* Task prompt *
Leaving the pictures aside, repeat every line below exactly.

* Given information *

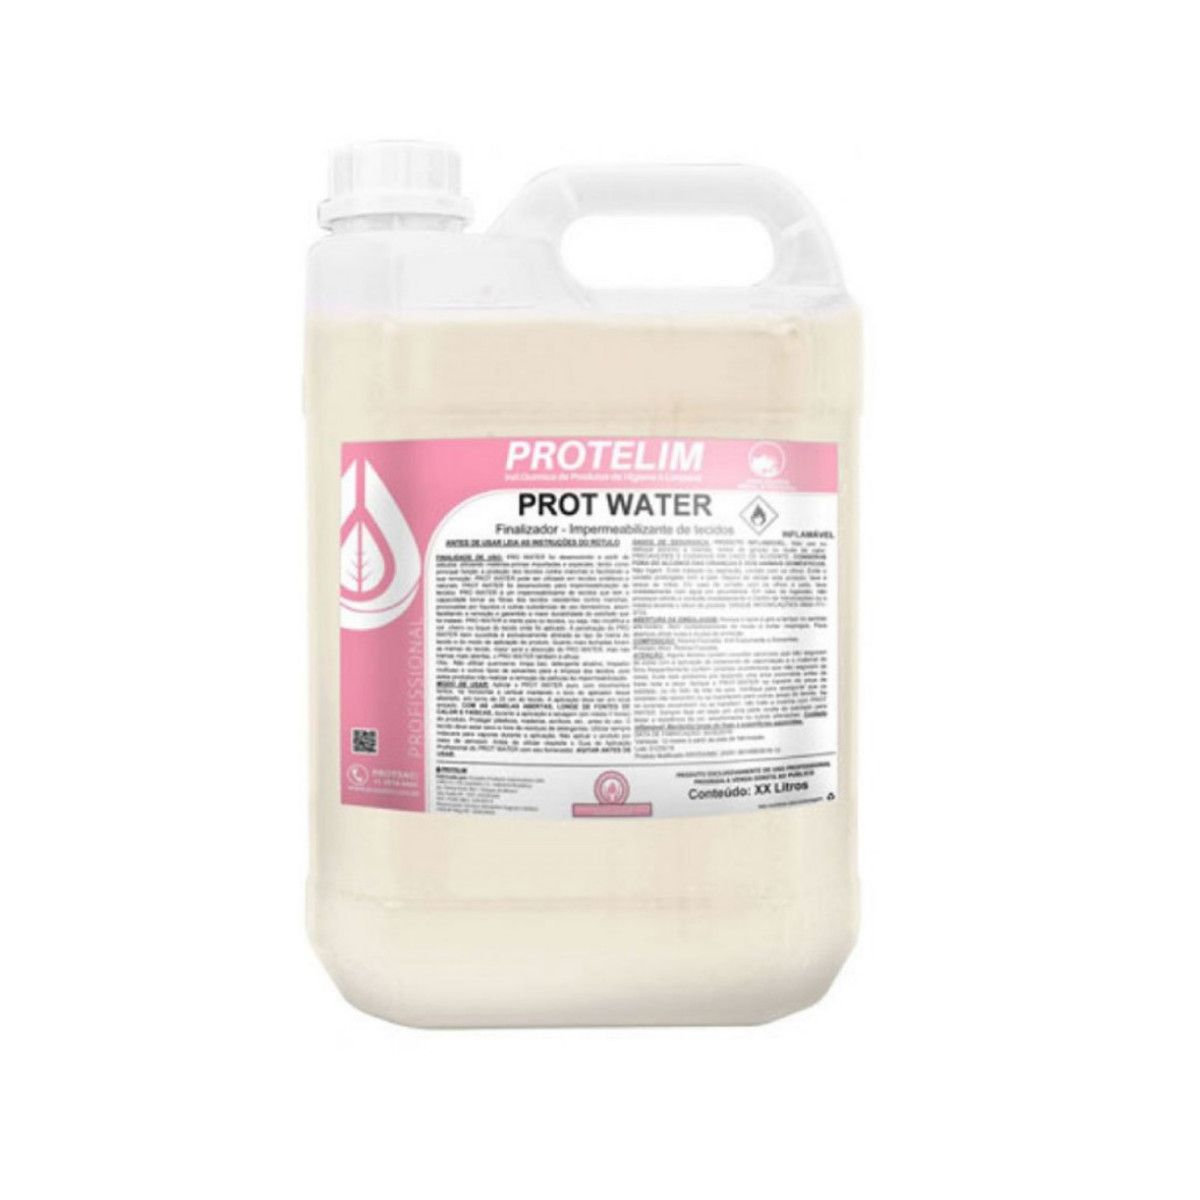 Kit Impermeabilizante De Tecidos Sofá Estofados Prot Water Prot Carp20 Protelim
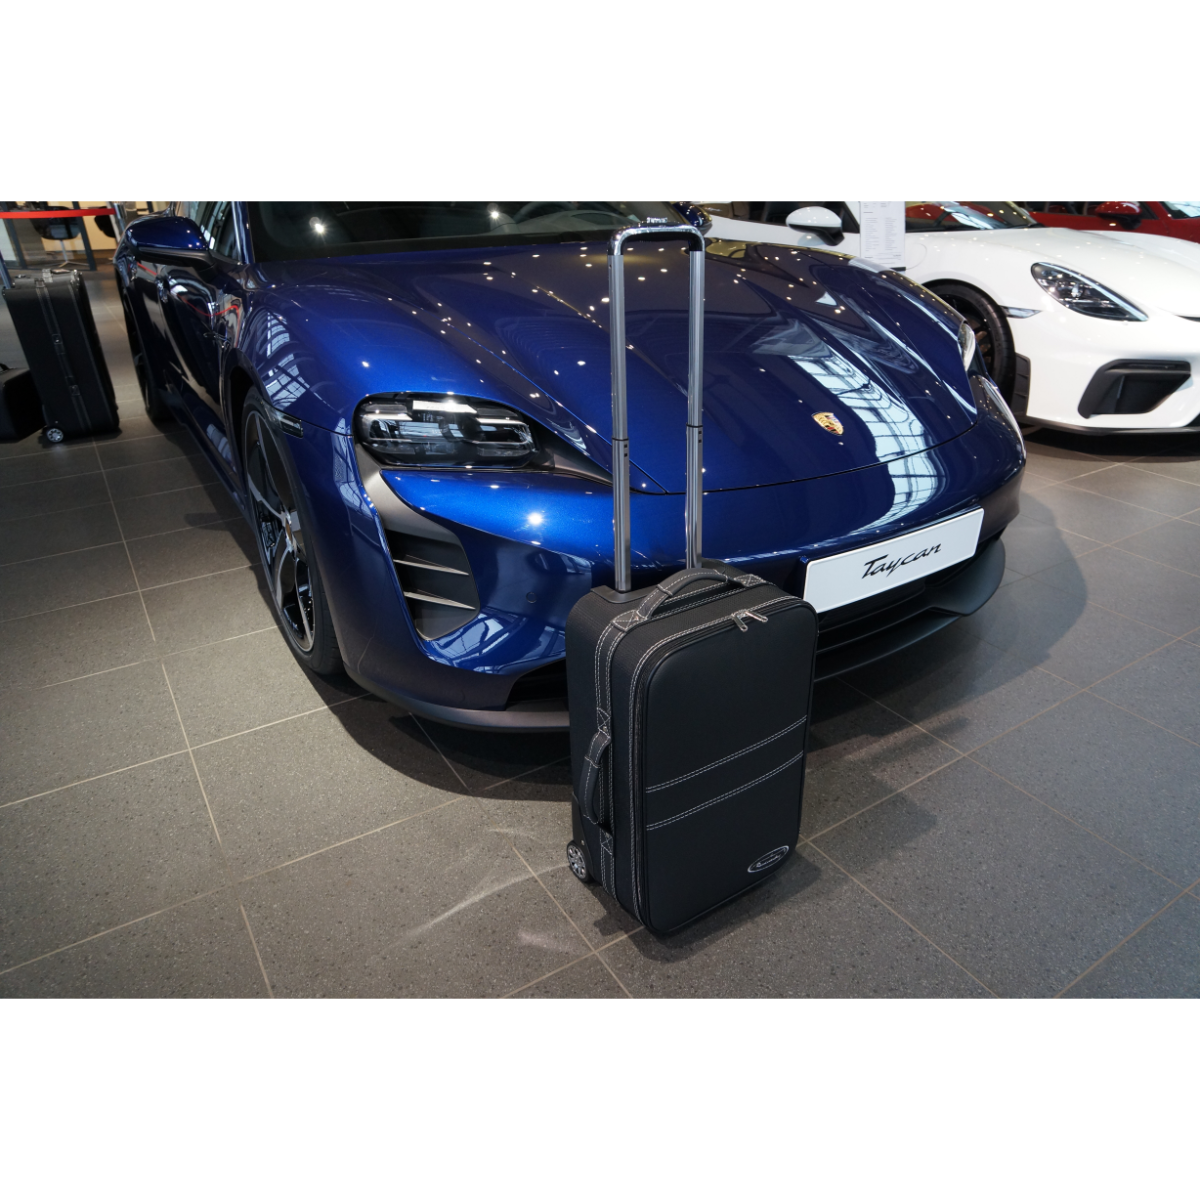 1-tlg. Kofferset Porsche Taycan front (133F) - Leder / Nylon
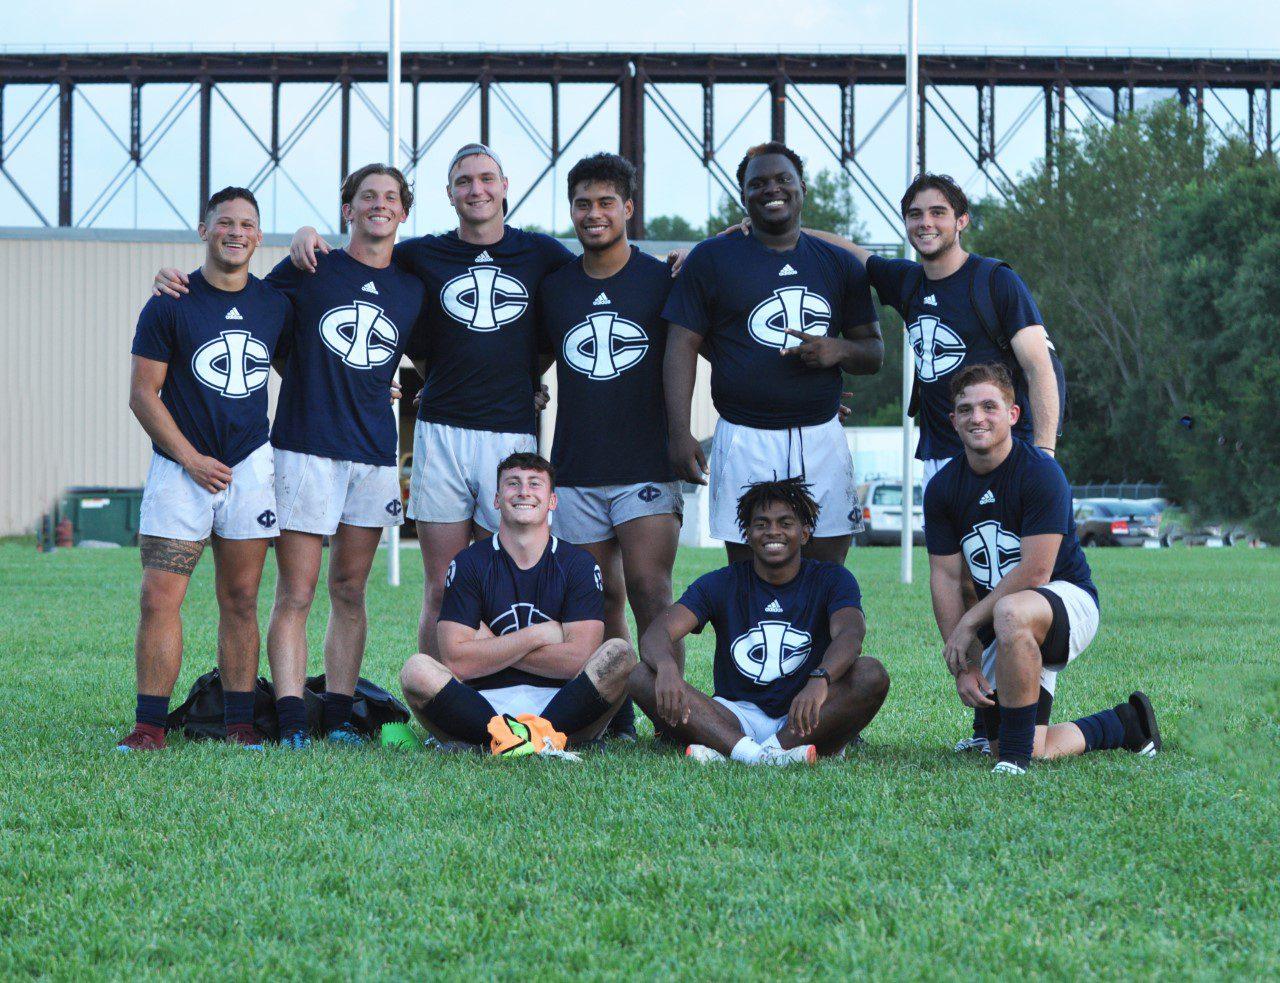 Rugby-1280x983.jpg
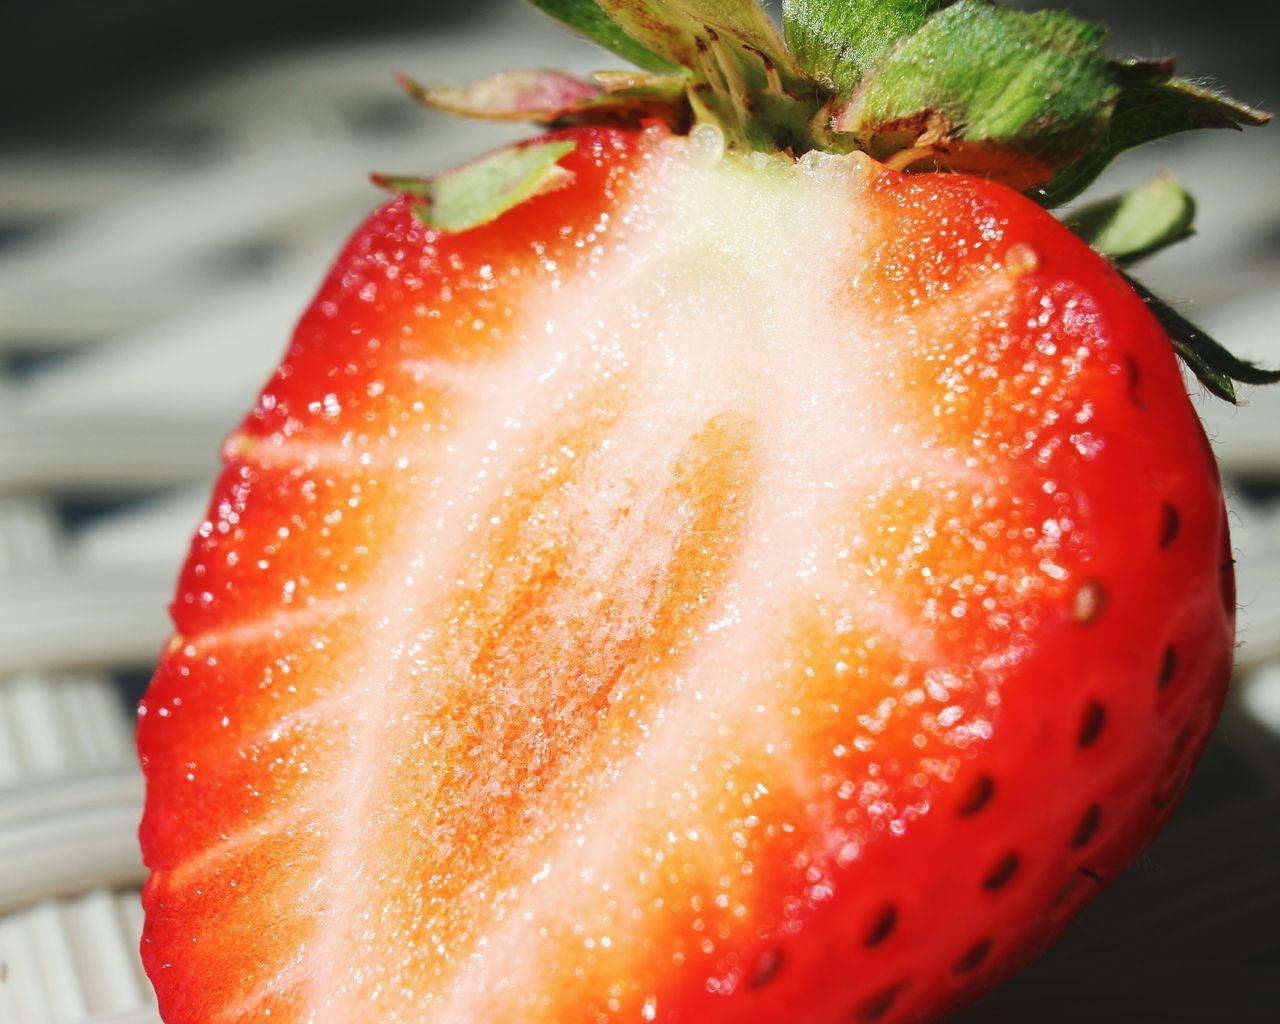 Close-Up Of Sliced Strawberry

* Reply to the exercise *
 Kit Impermeabilizante De Tecidos Sofá Estofados Prot Water Prot Carp20 Protelim
 1-tlg. Kofferset Porsche Taycan front (133F) - Leder / Nylon
 Rugby-1280x983.jpg
 Close-Up Of Sliced Strawberry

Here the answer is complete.